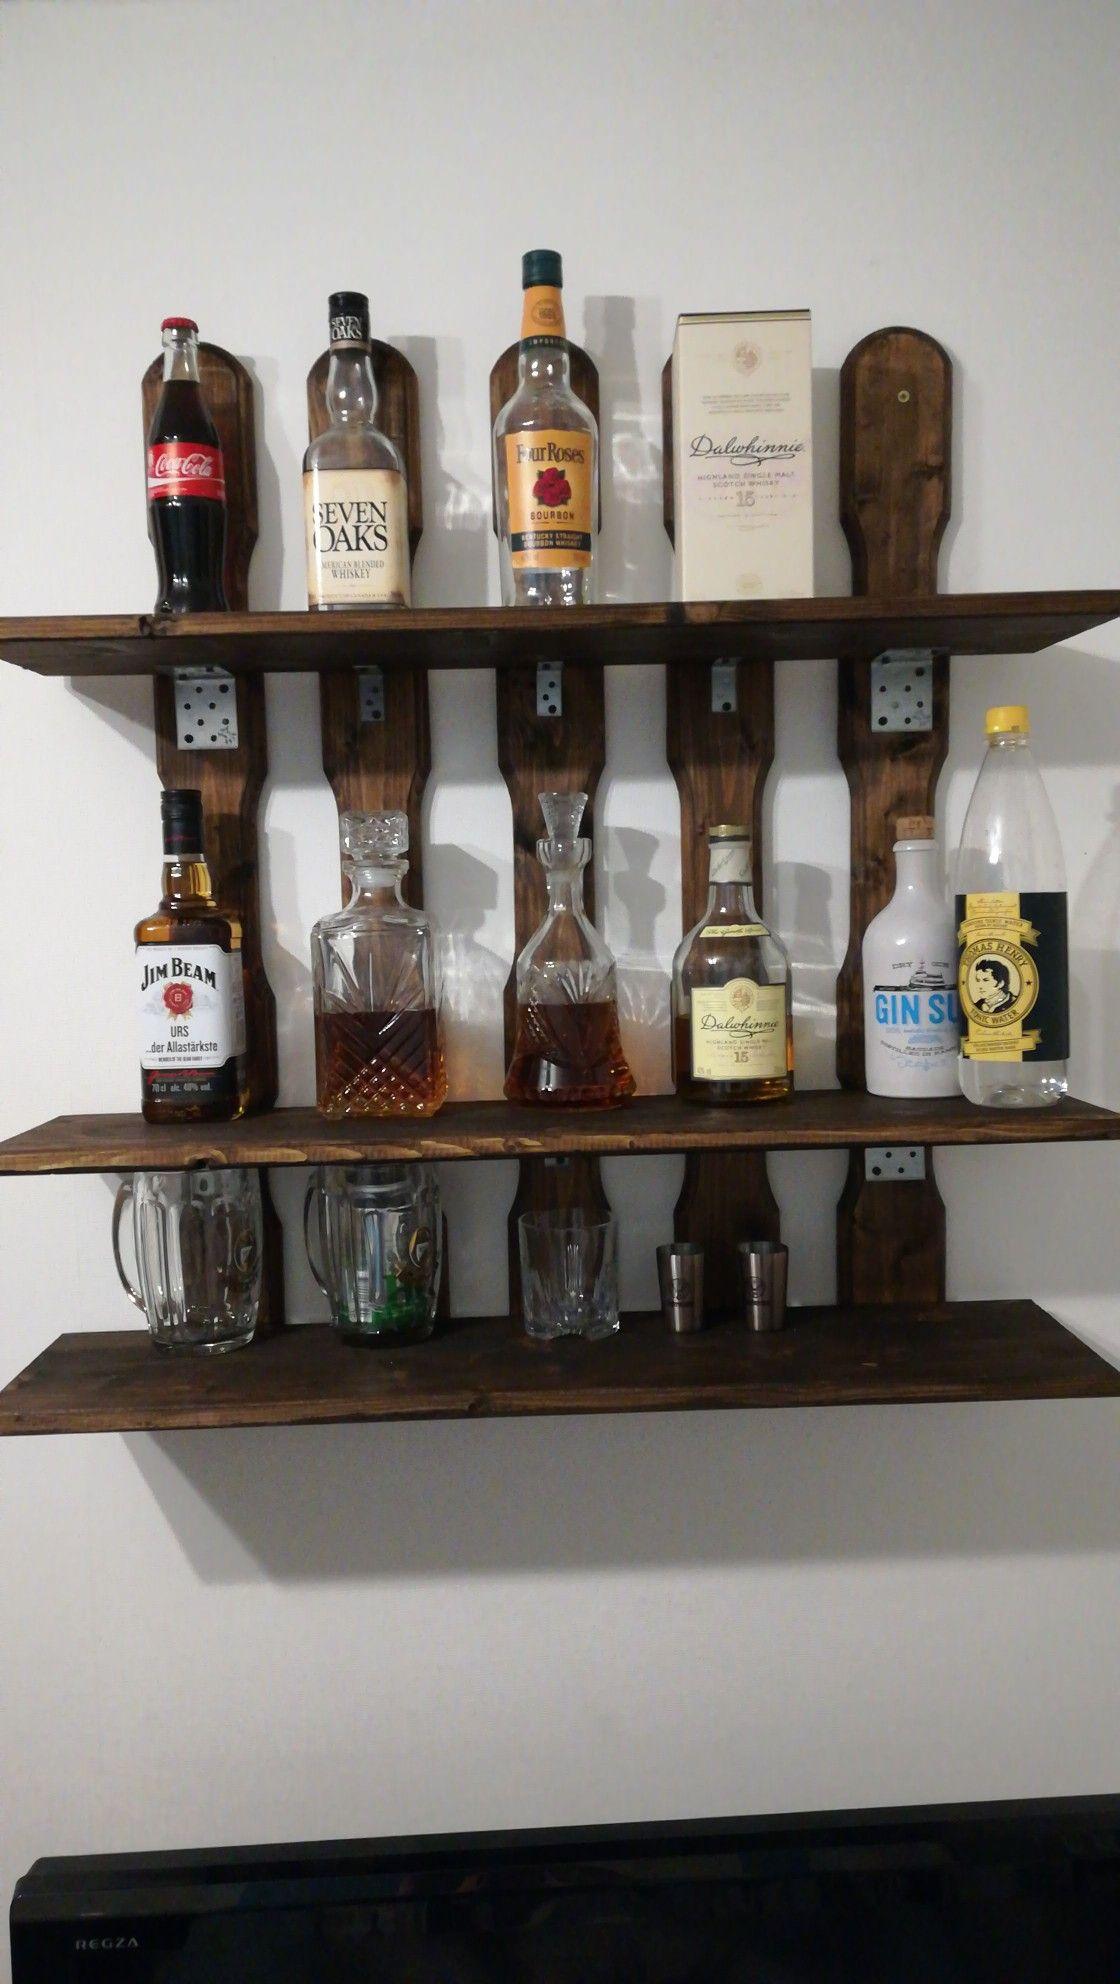 Pin by Urs Oppermann on Whisky Regal | Pinterest | Whisky
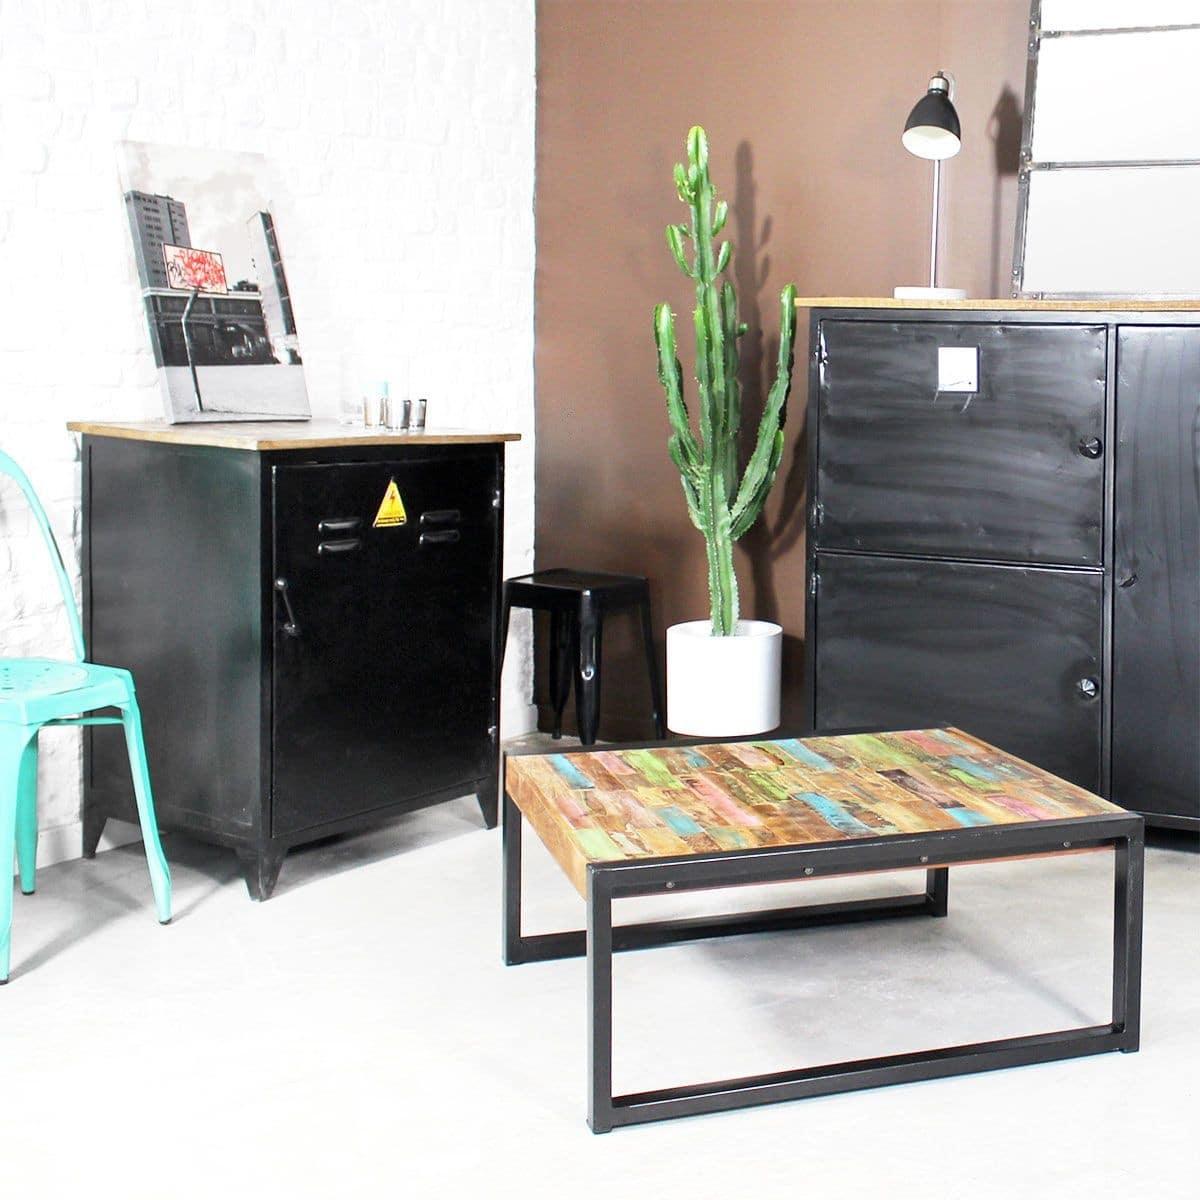 table basse industrielle 50 mod les fous et surprenants 2018. Black Bedroom Furniture Sets. Home Design Ideas
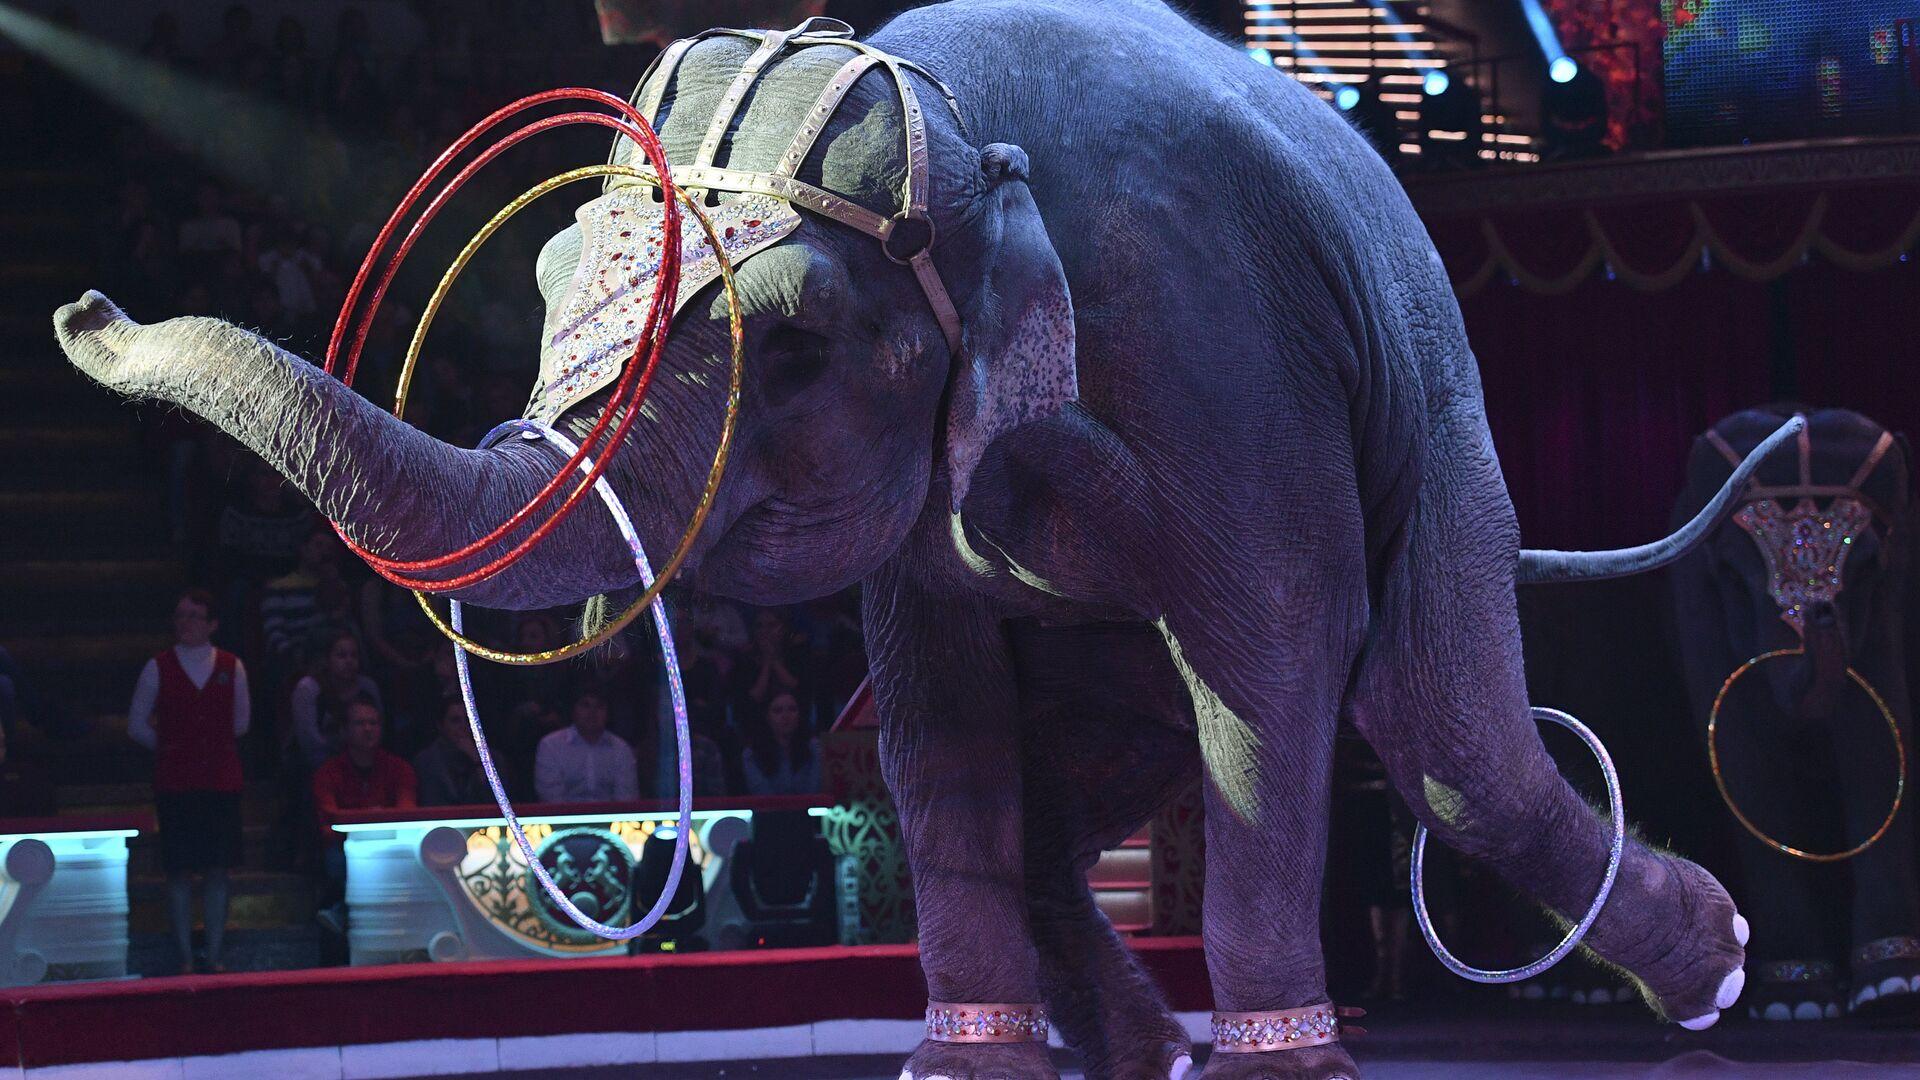 Слон во время циркового номера новой программы Браво на арене Московского цирка Никулина на Цветном бульваре в Москве - РИА Новости, 1920, 21.03.2021
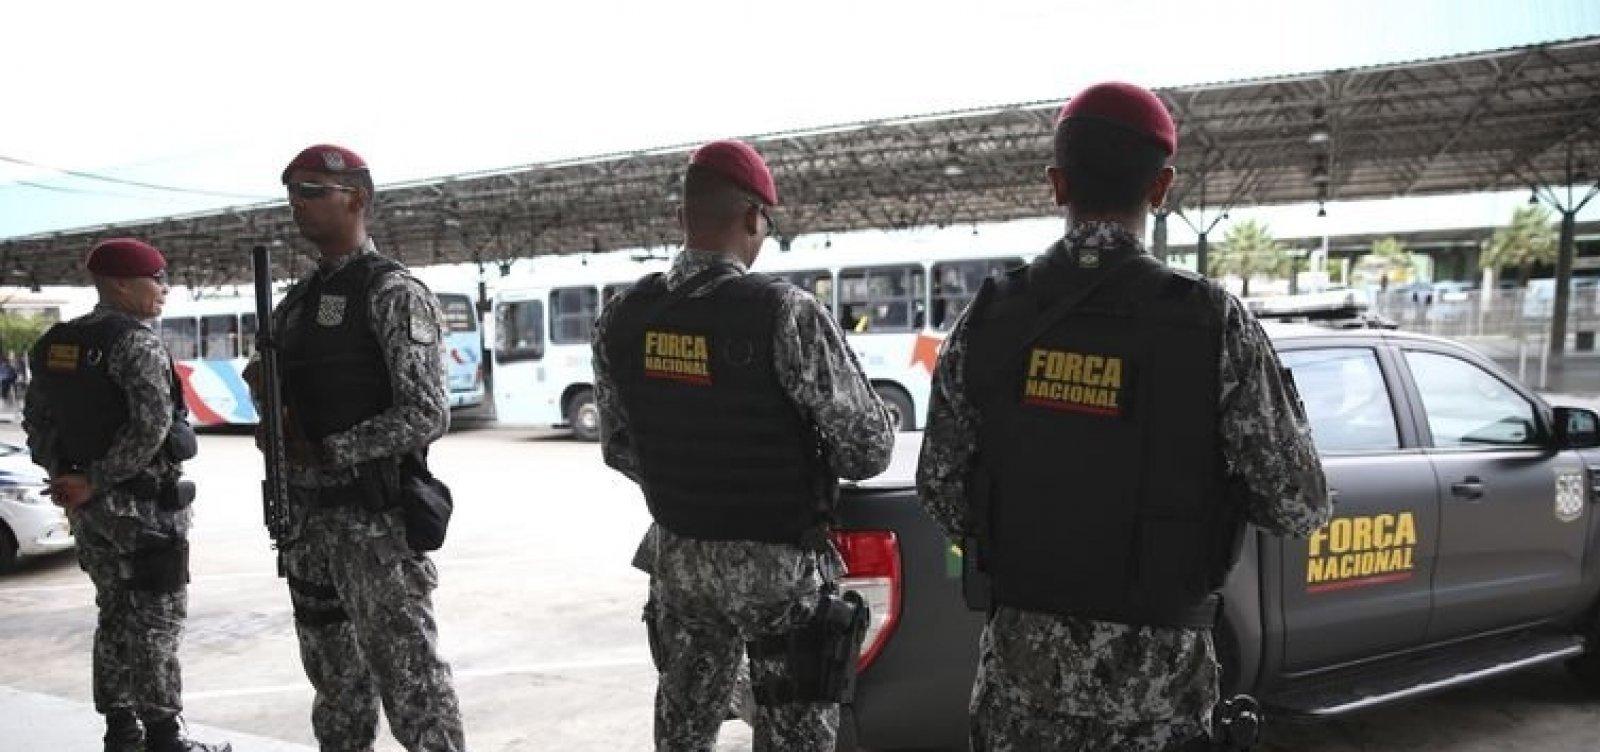 [Ministério da Justiça autoriza uso da Força Nacional na Amazônia Legal]

----

◆ Exercise prompt ◆
Reproduce the listing word for word, but keep the pictures out of it.

◆ Your response ◆
 Pin by Urs Oppermann on Whisky Regal | Pinterest | Whisky
 table basse industrielle 50 mod les fous et surprenants 2018. Black Bedroom Furniture Sets. Home Design Ideas
 Слон во время циркового номера новой программы Браво на арене Московского цирка Никулина на Цветном бульваре в Москве - РИА Новости, 1920, 21.03.2021
 [Ministério da Justiça autoriza uso da Força Nacional na Amazônia Legal]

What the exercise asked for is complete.